# [Work to complete]
Please transcribe the listing below in full and word for word, without its pictures.

# [Supplied material]
────────────────────────────────────────
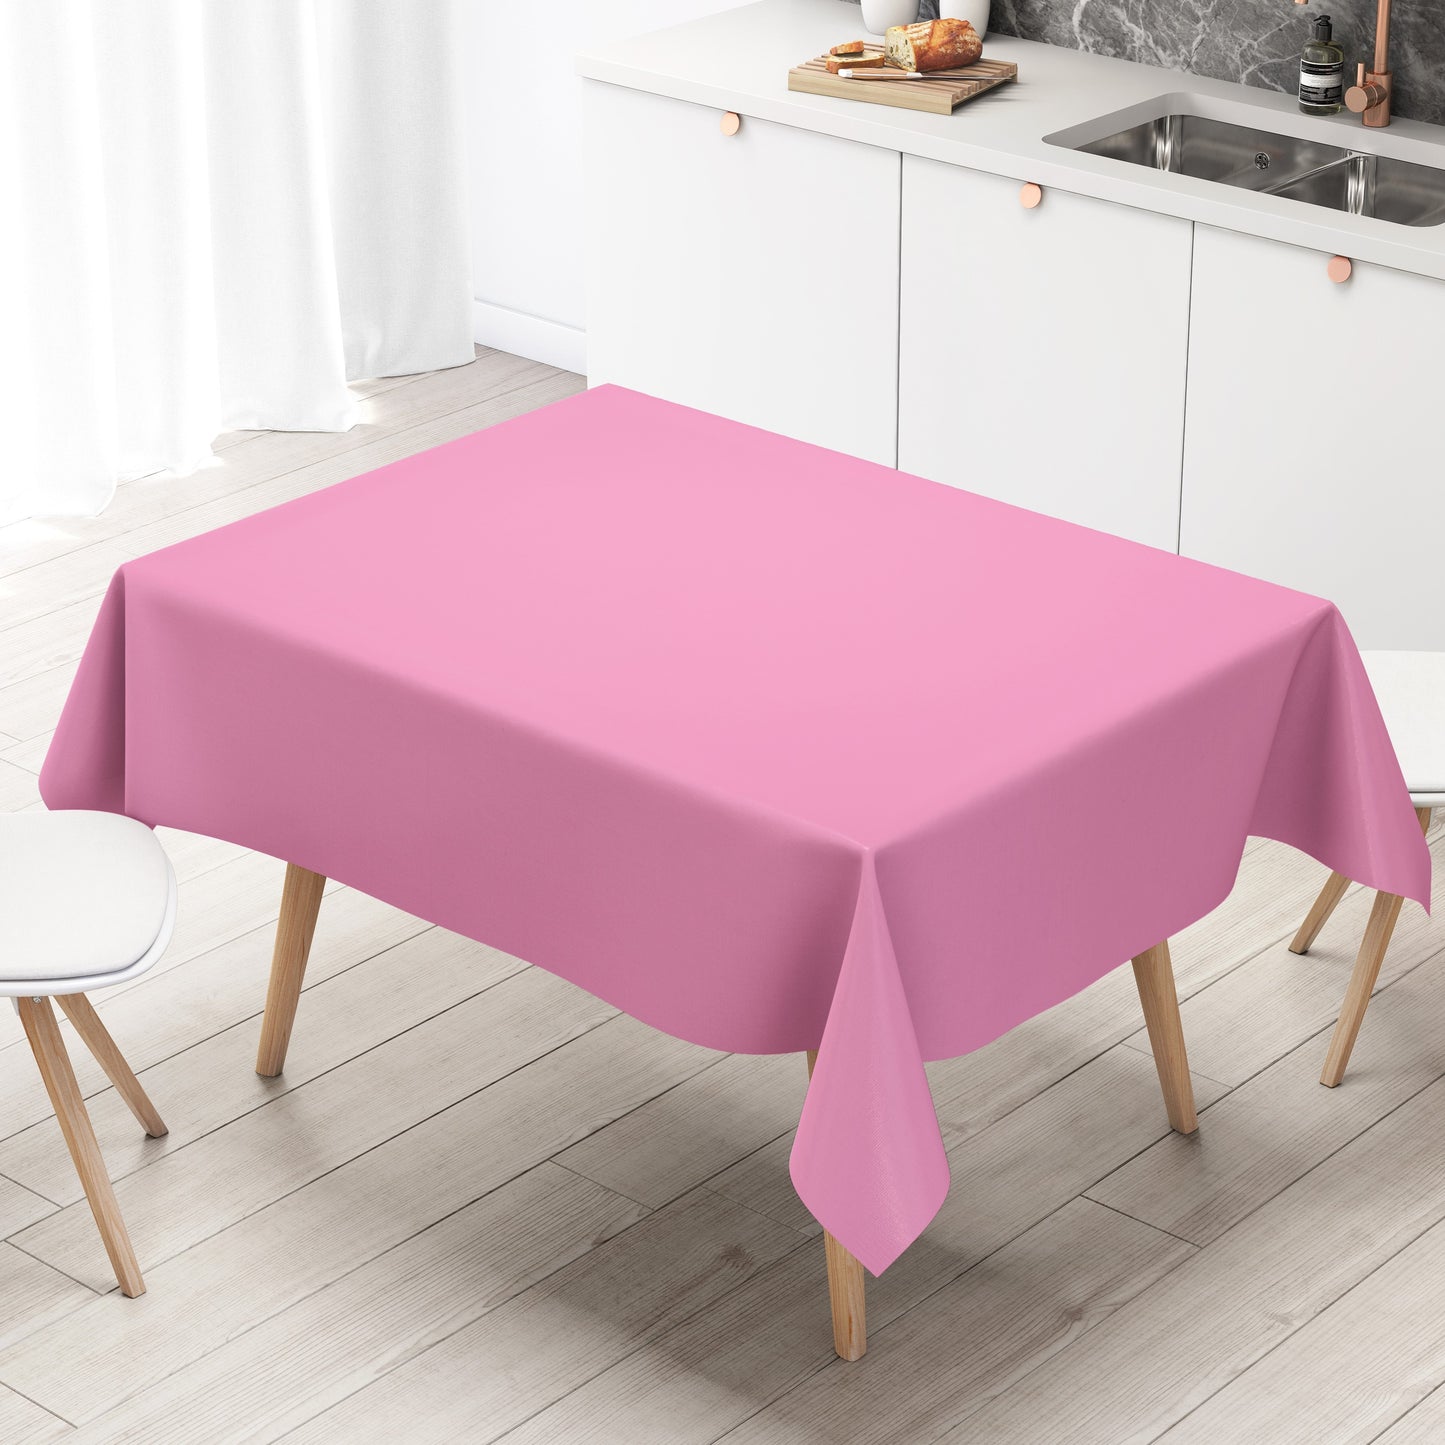 KEVKUS Wachstuch Tischdecke unifarben 210 rosa einfarbig wählbar in eckig, rund und oval -
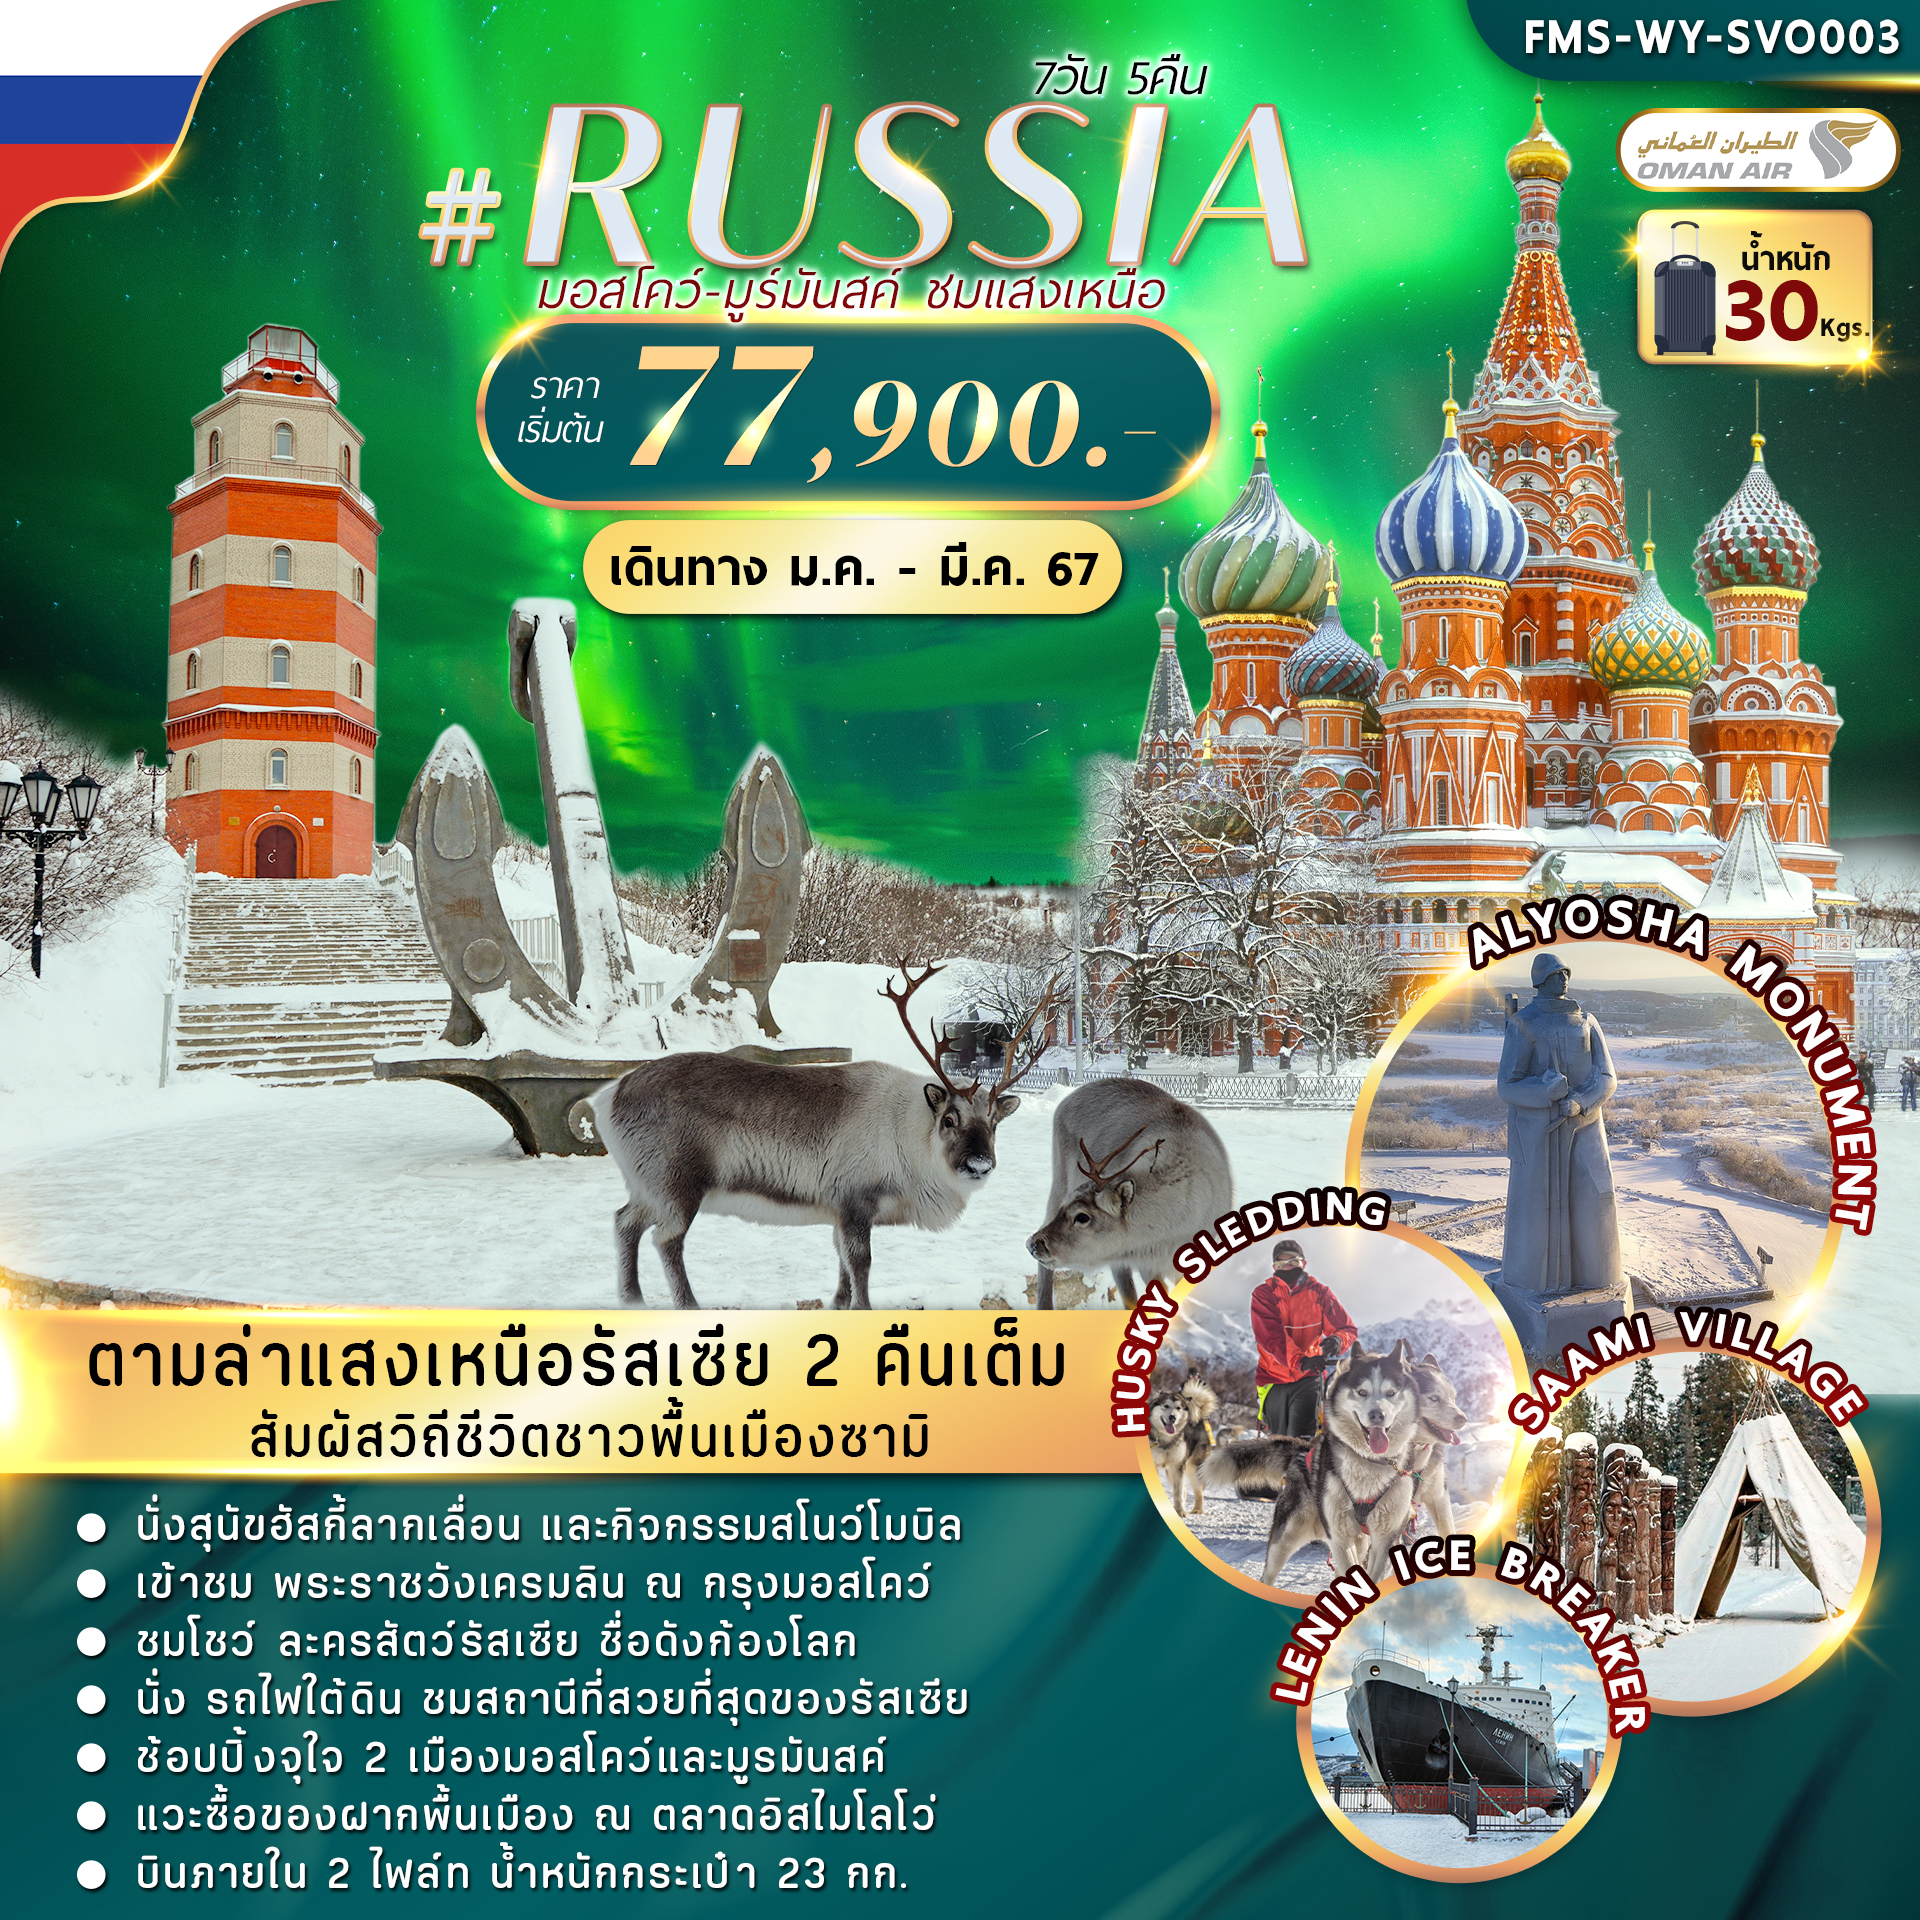 WY-SVO003 RUSSIA MOW-MURMANSK AURORA 7D5N (WY)
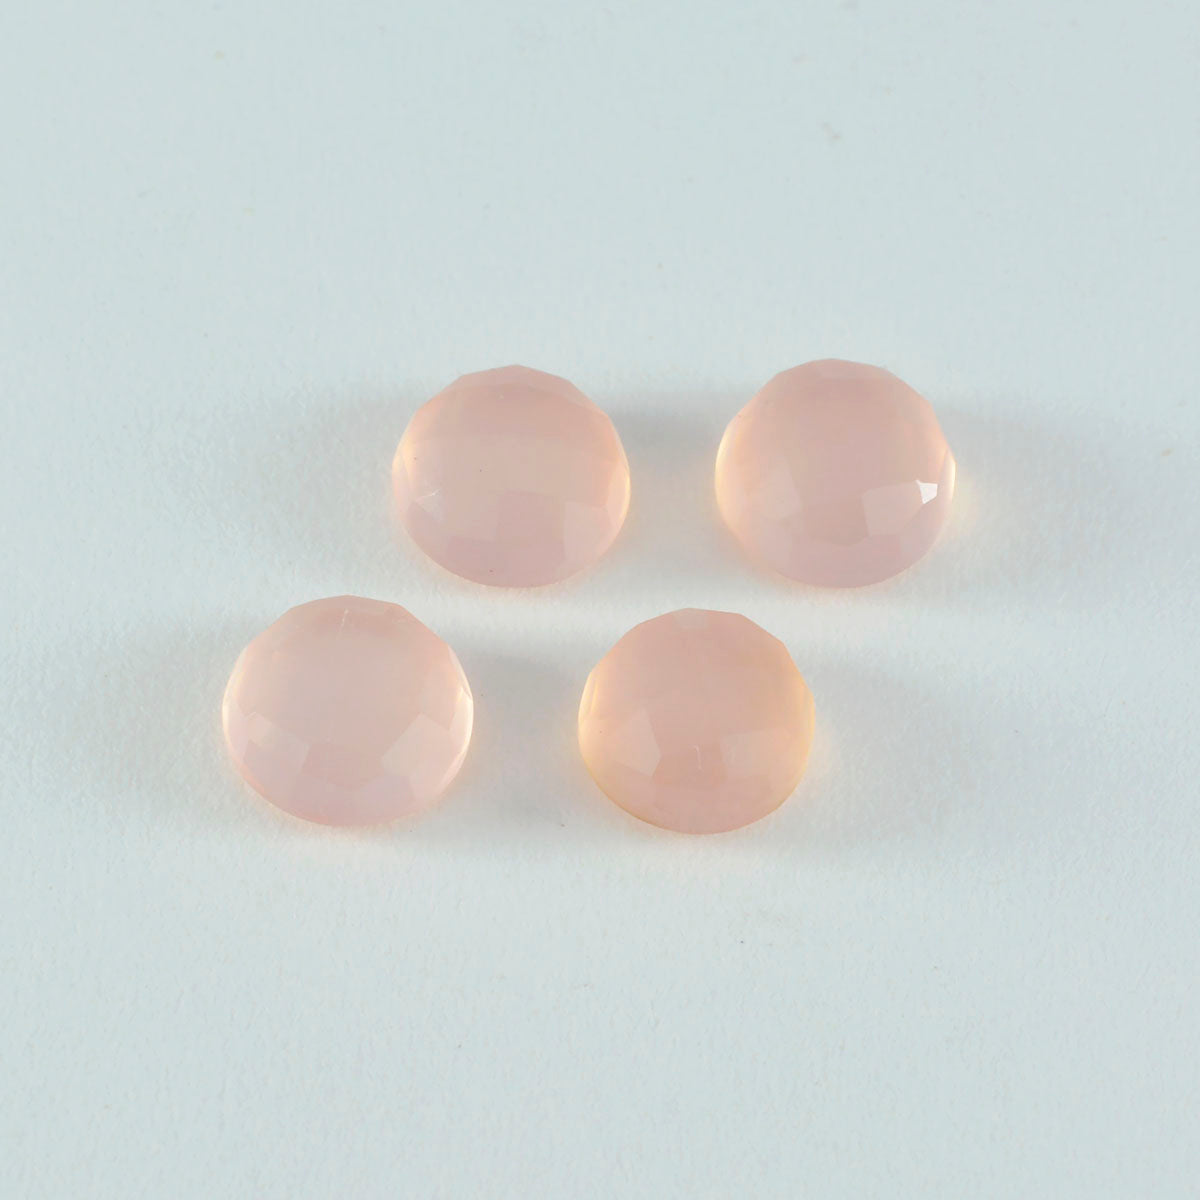 Riyogems 1 pièce de quartz rose à facettes 14x14mm, forme ronde, belle qualité, pierre précieuse en vrac
────────────────────────────────────────
# [Problem solution]
 KEVKUS Wachstuch Tischdecke unifarben 210 rosa einfarbig wählbar in eckig, rund und oval -
 WY-SVO003 RUSSIA MOW-MURMANSK AURORA 7D5N (WY)
 Riyogems 1 pièce de quartz rose à facettes 14x14mm, forme ronde, belle qualité, pierre précieuse en vrac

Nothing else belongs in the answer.